Food stocks dipped this week while general retailers continued to outperform, with brokers encouraged by some prudent management outlined in the updates.
UBS maintained its neutral stance on Next, although it said it would place its rating under review given the upgrade to company guidance and the recent rally in the sector. Next reported like-for-like sales in retail down 2.3 per cent for its first quarter, ahead of UBS’s estimate of -3 per cent. Trading benefited from a later Easter, with Directory sales up 1.6 per cent, but home continued to struggle.
Next has experienced an increase of £15m in profit forecasts, with the consensus being £352m and UBS’s forecast being £360m.
Buy N Brown, advised Investec following the home shopping group’s results last week. The broker observed: “The overall tone of the preliminaries meeting was one of strong and prudent management exercising control over the business, especially with regard to increased bad debt provisioning.
“In contrast, the wider stock market – based on share price reaction on the day – appeared to be taking the news as confirmation that it was right to be concerned on the issue of bad debts.”
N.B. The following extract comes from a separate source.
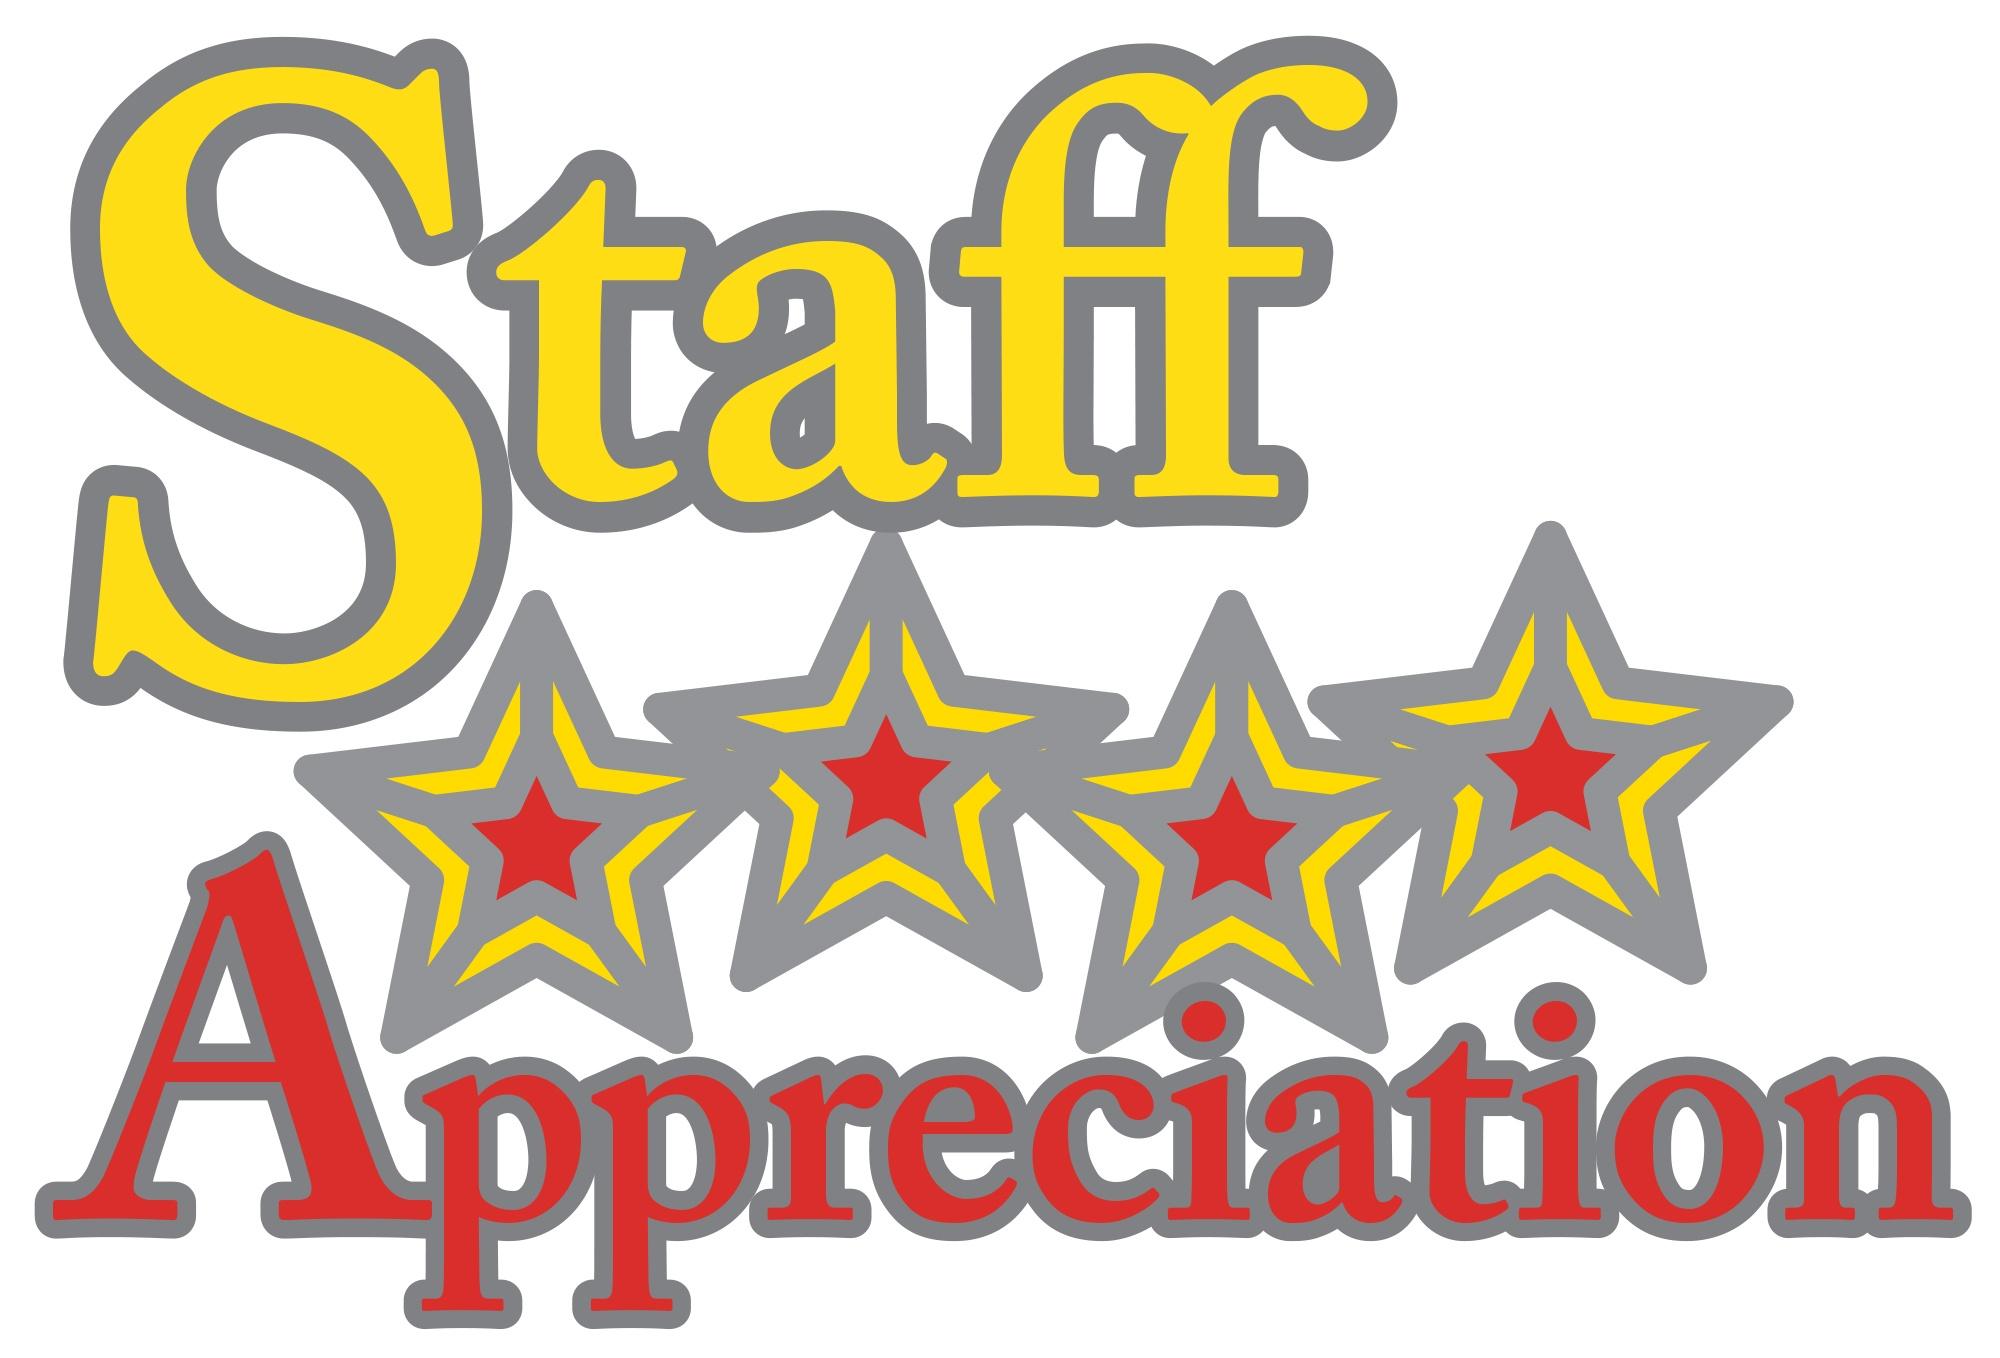 Appreciation clipart 8 » Clipart Station.

Home shopping group Findel’s house broker Singer fretted that the possible closure of schools if swine flu spreads could hit the retailer. Singer cautioned: “A handful of closures thus far in London could quickly spread to other regions and, being the dominant player in the educational supplies business,
Findel’s education division could be vulnerable to downgrade.”
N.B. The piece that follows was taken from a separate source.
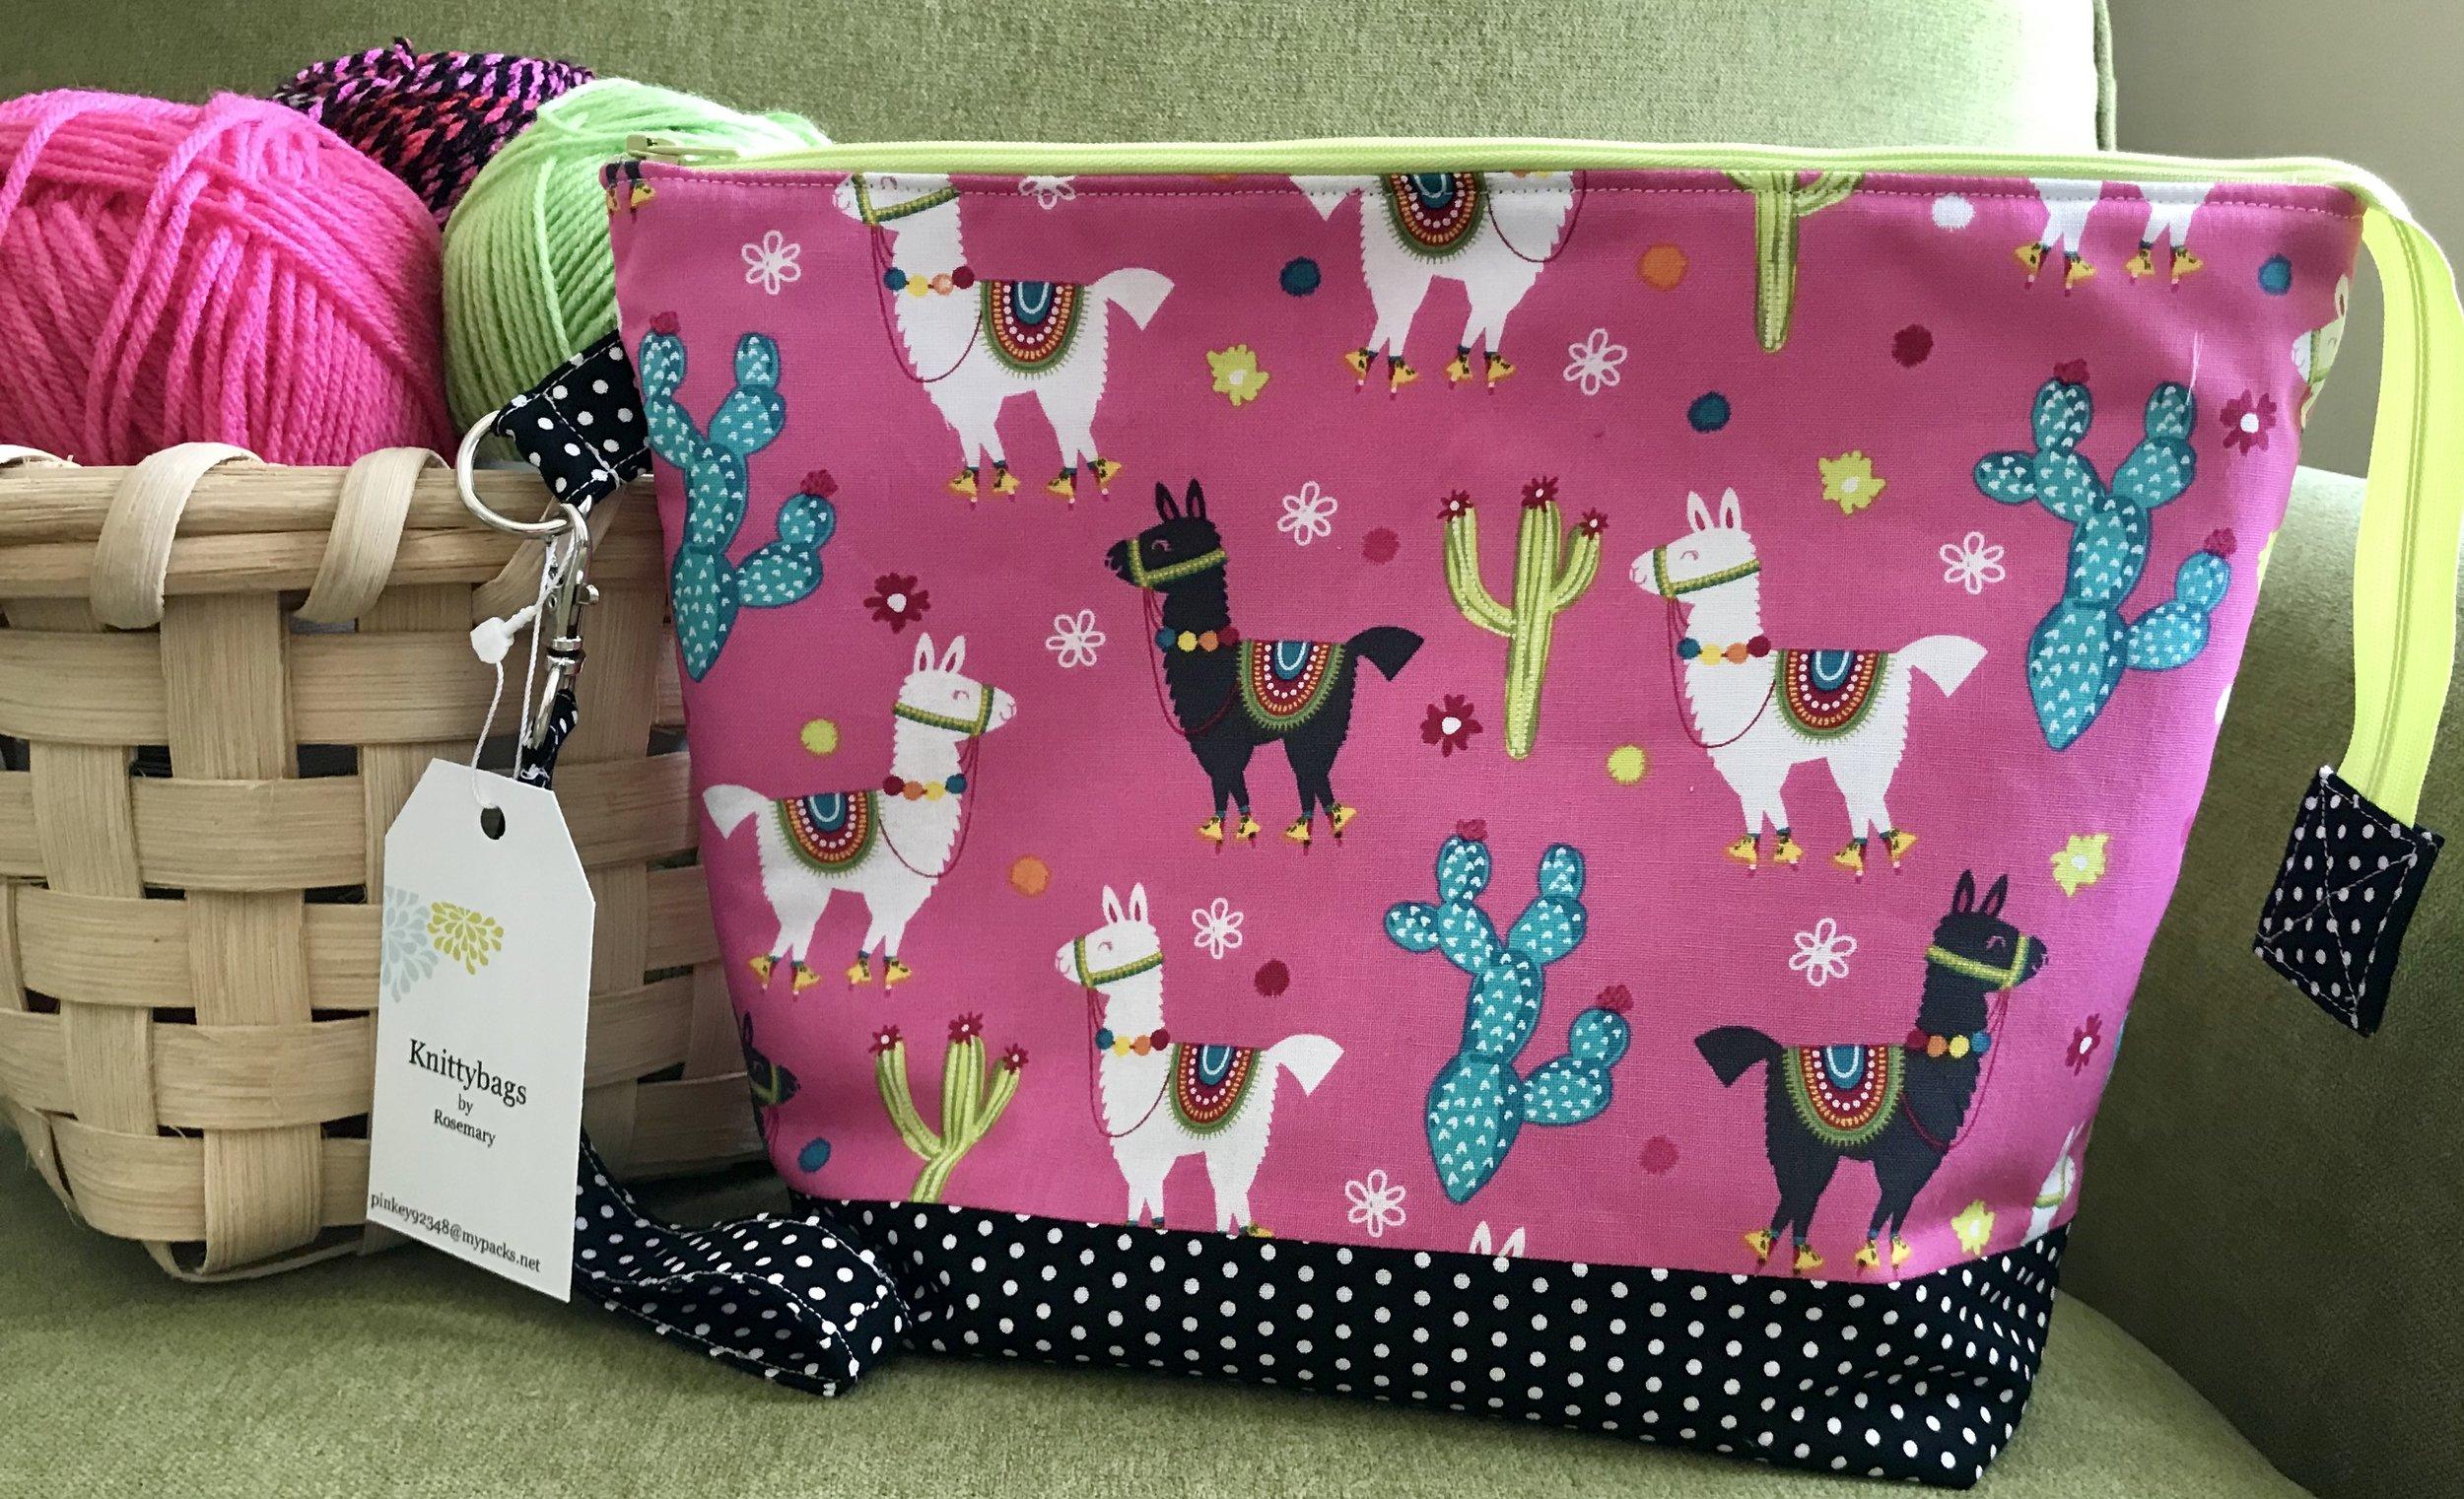 Zipper Wedge Project Bag in Fiesta Llama

KBC Peel Hunt upgraded Carpetright to buy. Last week’s update disappointed some analysts, but KBC argued: “Looking ahead, Carpetright remains one of the few retailers we believe has the capability to recover peak EBIT margins.” The broker increased its price target from 400p to 650p.
KBC was also encouraged by the latest GfK NOP consumer confidence data, which showed improved sentiment about personal finances. The broker said: “This is generally a good lead indicator for retail sales performance, supporting the better than expected trading performance of the sector over the year to date and providing no reason to expect sales to drop away in the short term.”
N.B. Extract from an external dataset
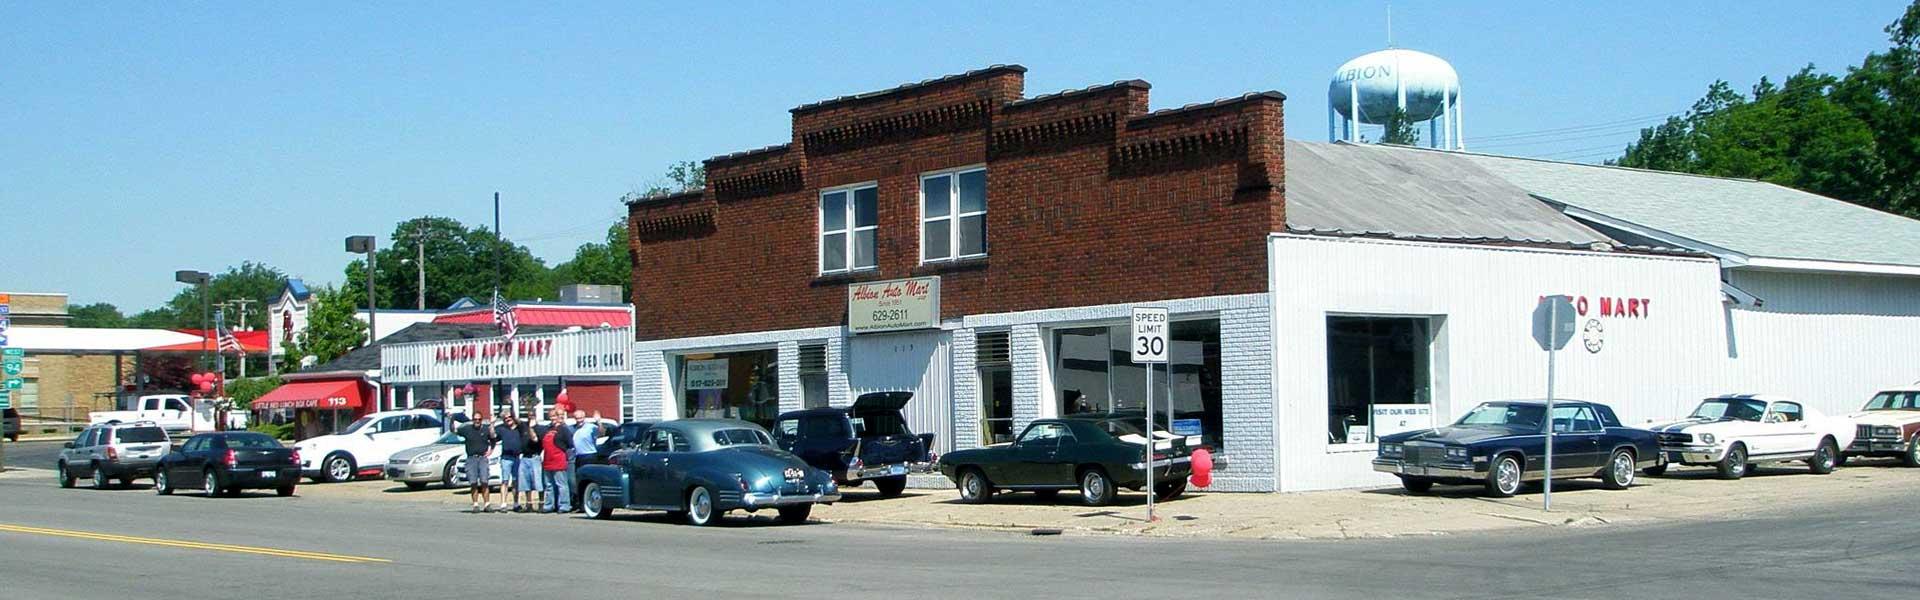 Albion Auto Mart LLC - Used Cars - Albion MI Dealer

The Government’s trade credit insurance top-up scheme revealed in the Budget provides a lift for retailers’ working capital requirements, said Seymour Pierce. “Complete withdrawal or partial reduction in trade credit insurance has become a growing concern over the course of the downturn,” the broker said.
Pali International increased its HMV target price by 20p to 145p after last week’s update, but retained its neutral stance. The broker said investors are partial to HMV’s “last man standing” entertainment positioning and ventures such as the move into live music, but noted the valuation is “pretty full”. Pali saw more upside in the “lowly rated” Game and WHSmith.